CT as gatekeeper of invasive coronary angiography in patients with suspected CAD

Introduction

Coronary artery disease (CAD) continues to be a major cause of mortality and disability in the 21 century (1). The disease often manifests itself with chest pain but could be fatal even in its first manifestation and occur without warning signals in asymptomatic subjects. The clinician’s desire to avoid missing clinically-relevant CAD explains the recent surge in usage of advanced medical imaging. However, this “defensive” approach did not translate into a reduction in cardiac events (2). A cross-sectional, population-based sample of Medicare patients from 1993 to 2001 found that overall hospitalizations for acute myocardial infarction remained flat at 8.7 per 1,000 patients despite significant increases in imaging and revascularization rates (3). The clinician nowadays is equipped with an increasing number of tests for the assessment of individuals who have symptoms suggestive of CAD or for risk-stratifying the asymptomatic individual.

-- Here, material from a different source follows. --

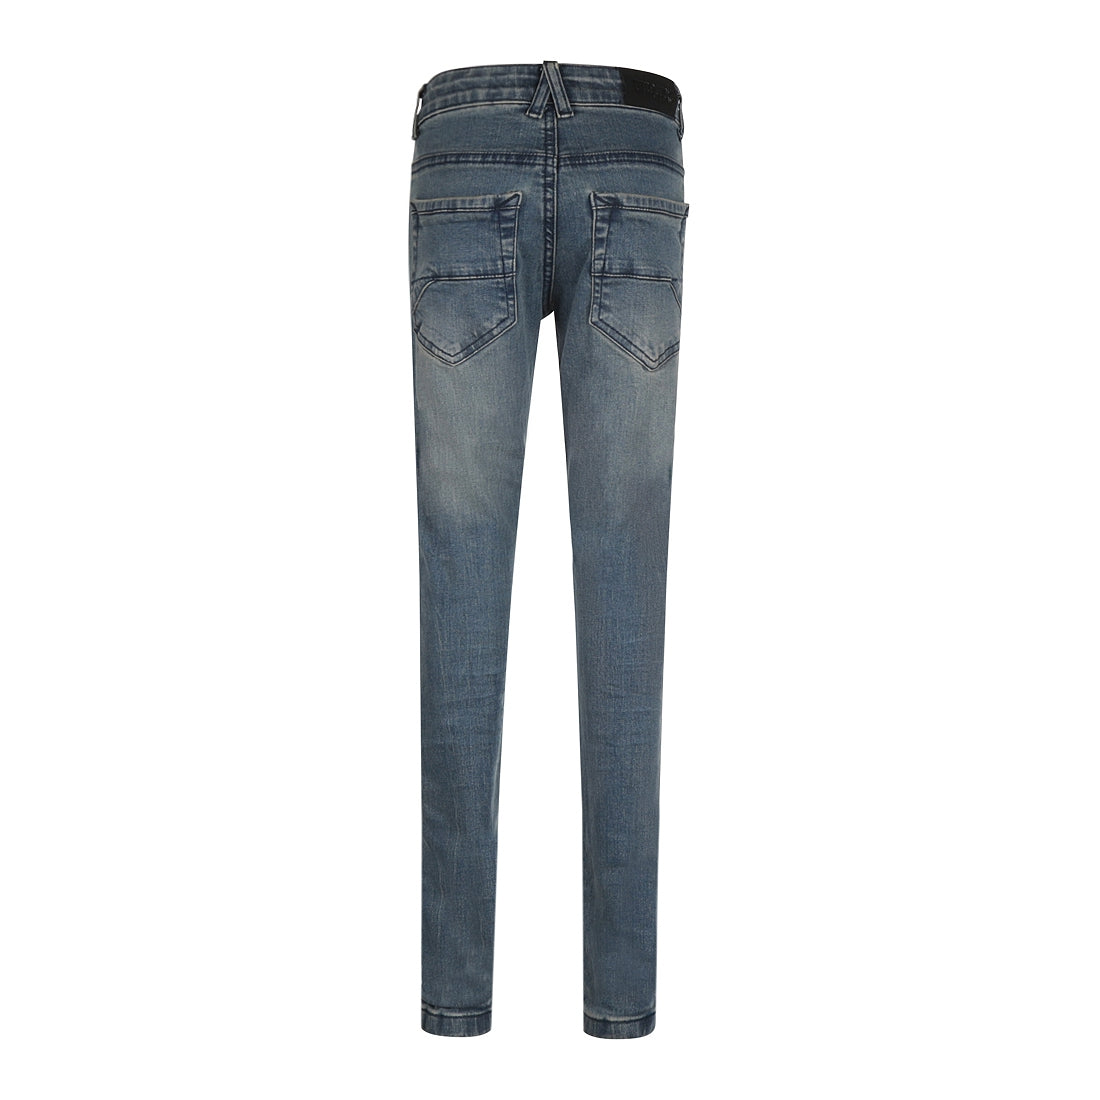 Jongens Jeans Skinny van No Way Monday in de kleur Blue jeans in maat 164.
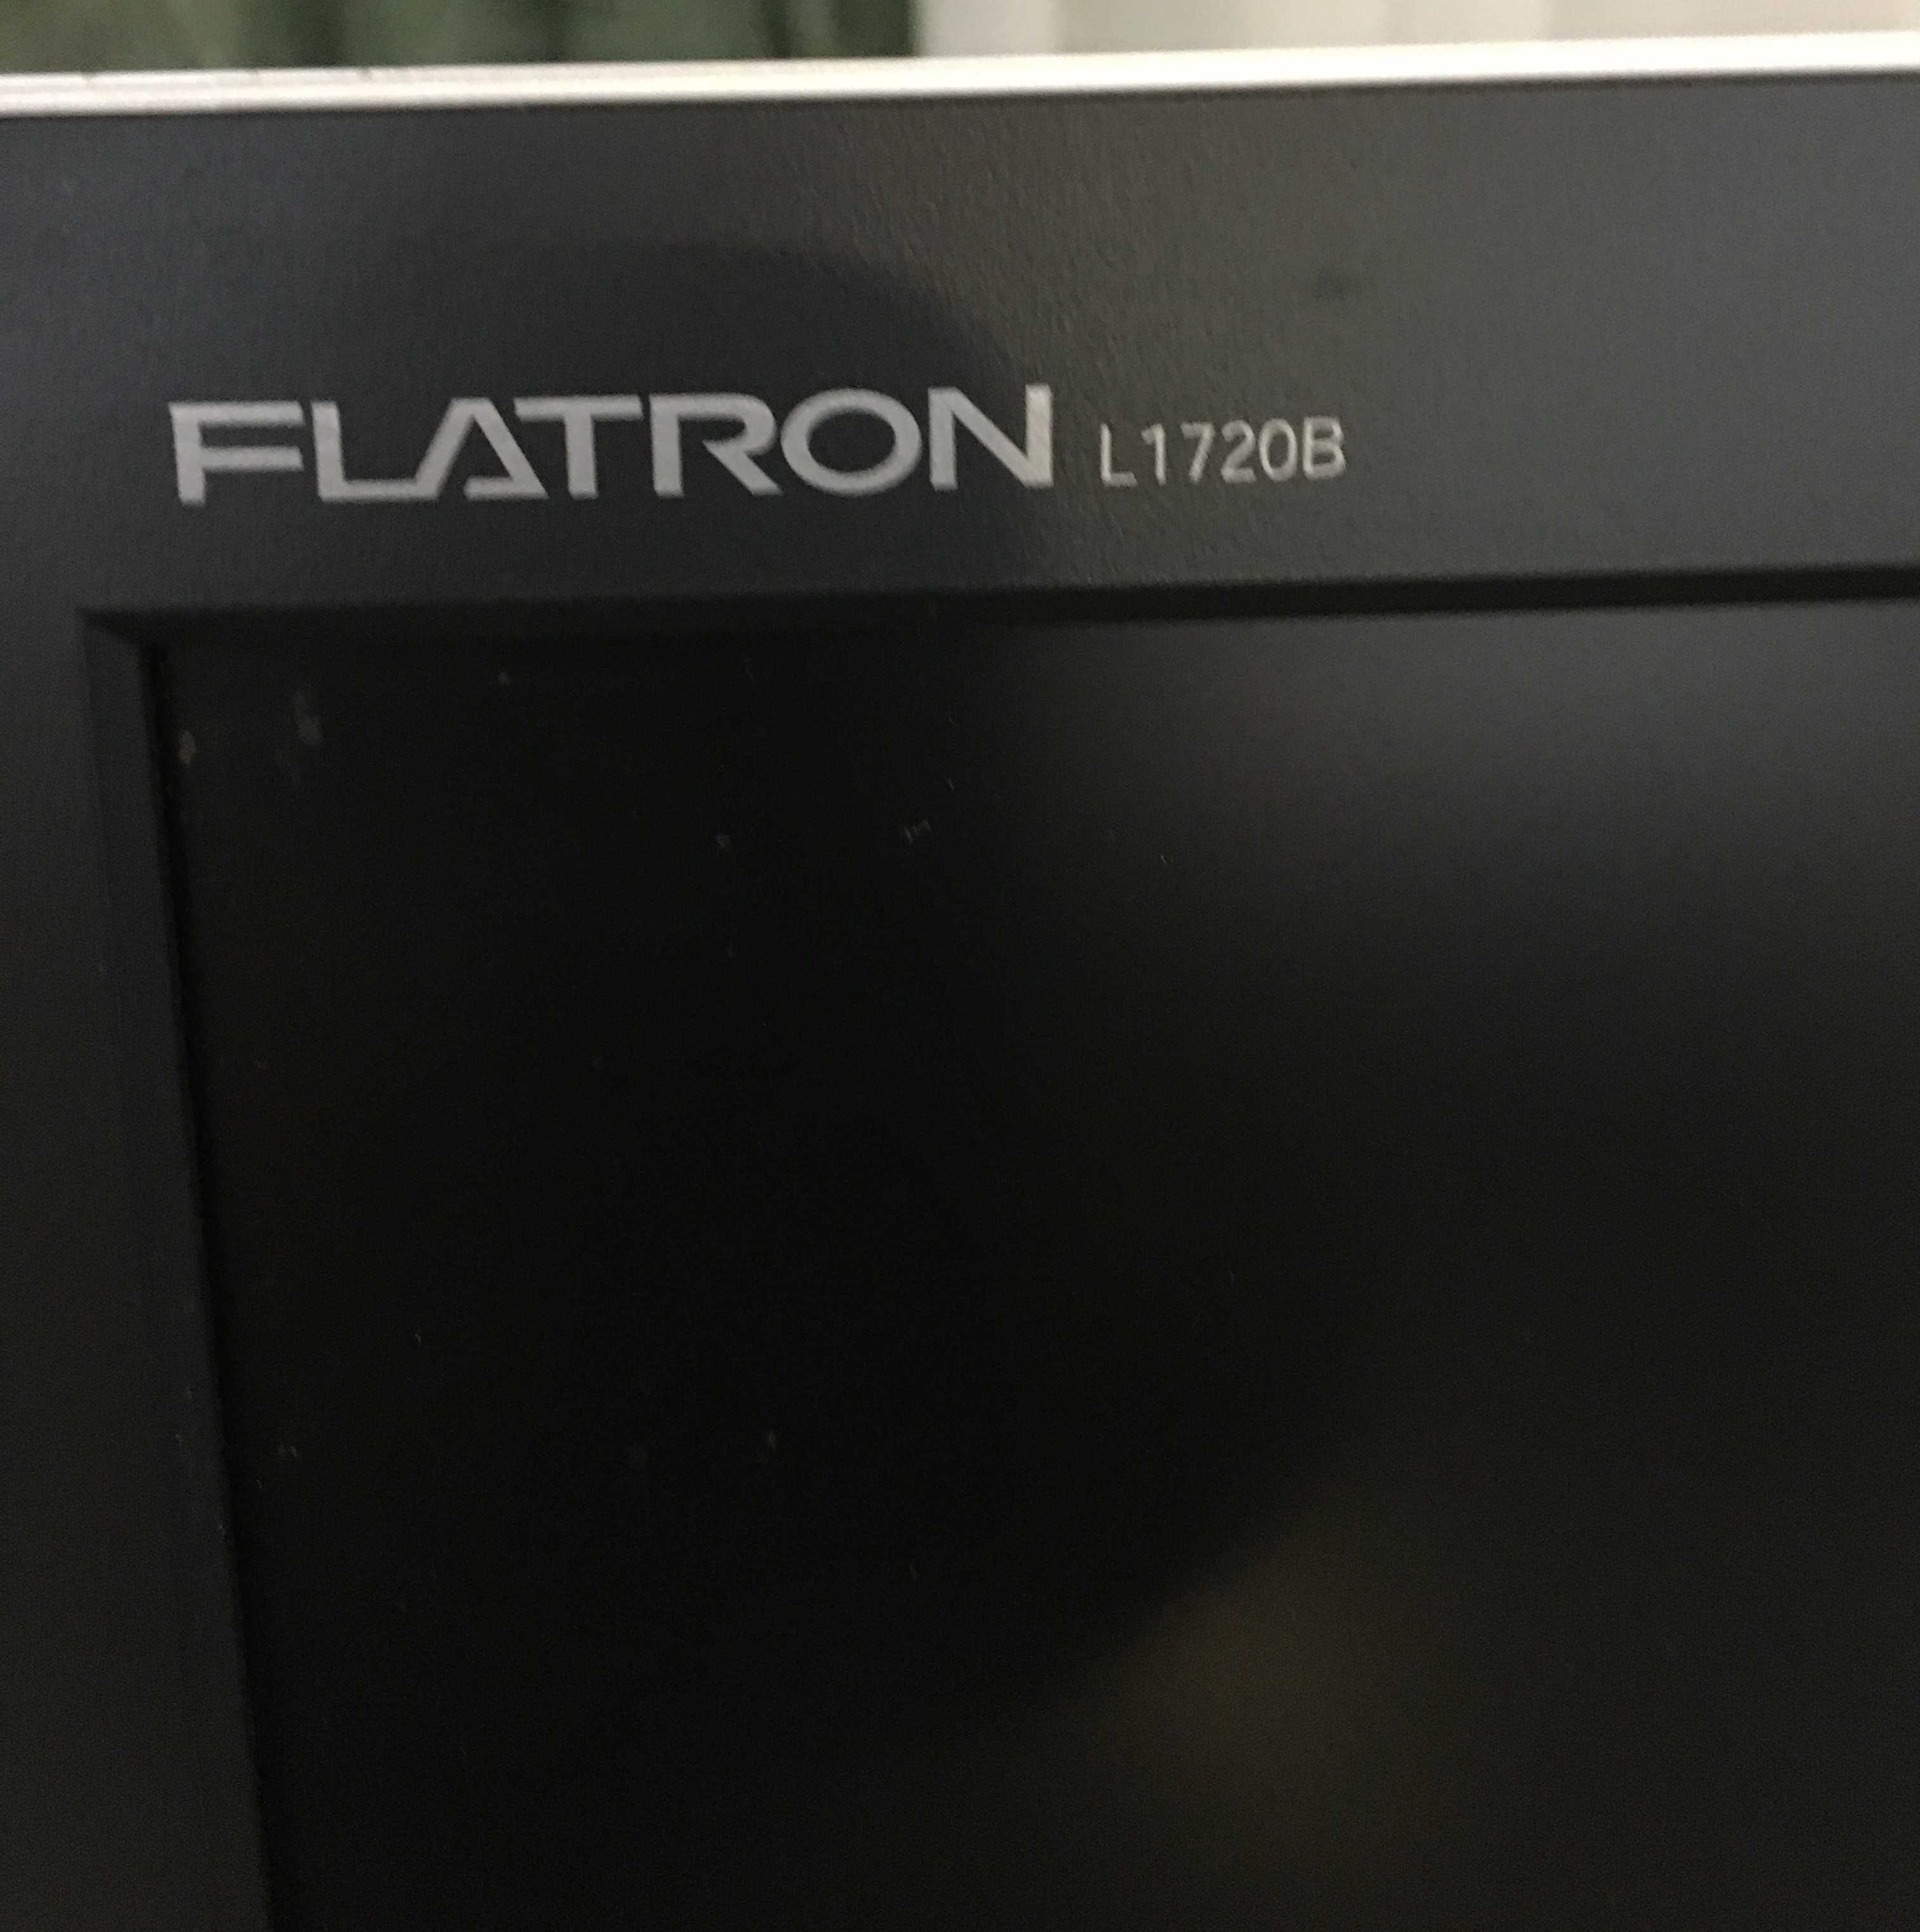 Monitor LG FLATRON L1720B

However, these tests come with a cost and financial constraints in the present economic environment will no longer allow its indiscriminate use. The gatekeeper function of a diagnostic testing strategy implies that a test is selected judiciously with the aim of preventing access to invasive yet expensive coronary angiography. An effective gatekeeper function is defined when, after the test is performed, patient management is promptly targeted by the noninvasive test findings without the need for additional diagnostic procedures (4,5).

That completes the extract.